С чего начать. Я могу, правда, пролить свет только на свои действия, да и то слабый и прерывистый. Я был самым младшим ребенком, самым младшим из многих — больше, чем я могу вспомнить — о ком я заботился с самого раннего младенчества, еще до того, как у меня самого появилась способность говорить, и хотя мои двигательные навыки к тому времени были едва развиты, эти мои многочисленные братья и сестры были отданы под мою опеку. Я исполнял каждое их желание, сглаживал малейший дискомфорт с полным послушанием, с высочайшей степенью преданности, так что со временем их желания стали моими, так что я начал предвосхищать желания, еще не сформулированные, возможно, даже еще не воображаемые, предоставляя моим братьям и сестрам максимально возможную помощь, удовлетворяя их только для того, чтобы они могли требовать больше, всегда больше, требований, на которые я соглашался с готовностью и осмотрительной поспешностью, подавая сложные лечебные настои, прописанные им разными врачами, подавая им еду и закуски, сигареты и аперитивы, ночные колпаки и стаканы молока у кровати.

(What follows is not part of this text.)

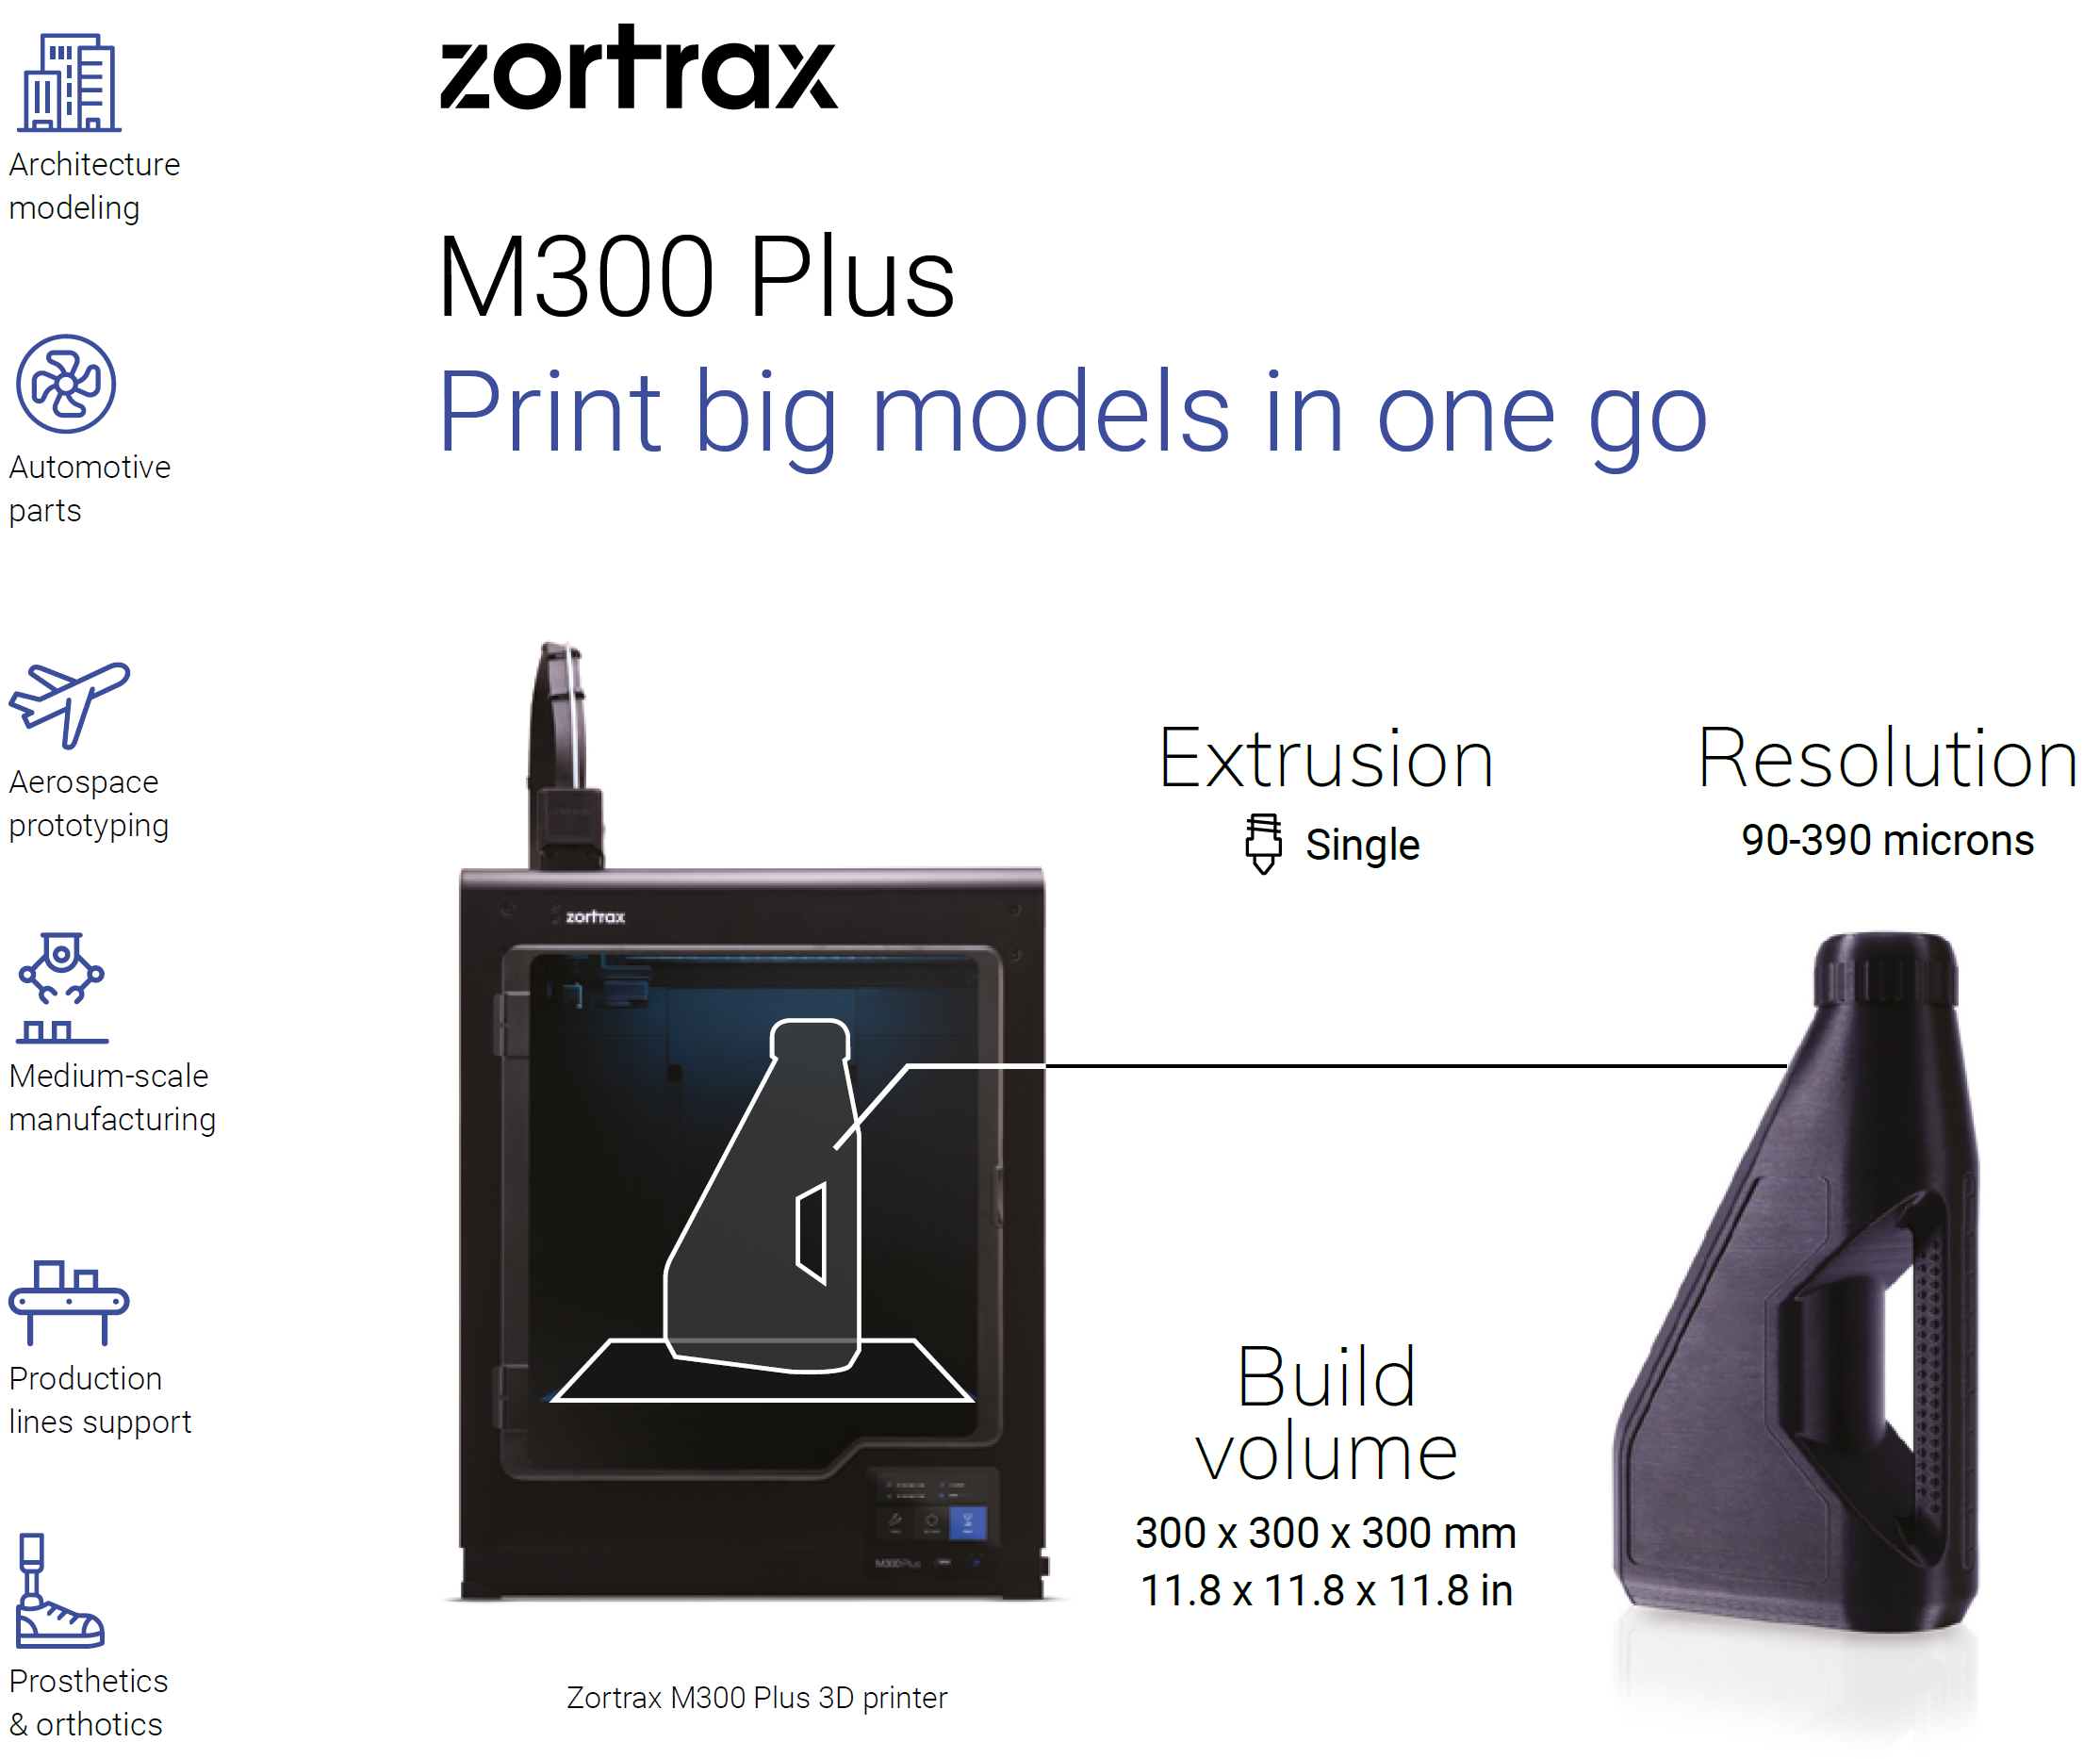 Zortrax M300 Plus Information

О наших родителях я ничего не скажу, пока нет, нет. Я продолжал проводить долгие годы с детства, культивируя уединение, преследуя тишину до ее все более удаляющегося горизонта, занятие, которое требовало особого качества внимания, самозабвения с моей стороны, которое позволило бы мне проявить самое кропотливое, самое внимательное отношение к другому, относиться к другому как к самому достойному объекту созерцания. В этом процессе я бы уменьшился, принизился, в конечном счете я бы стал ясным, даже перестал бы существовать. Я был бы хорошим. Я был бы всем, о чем когда-либо просили меня.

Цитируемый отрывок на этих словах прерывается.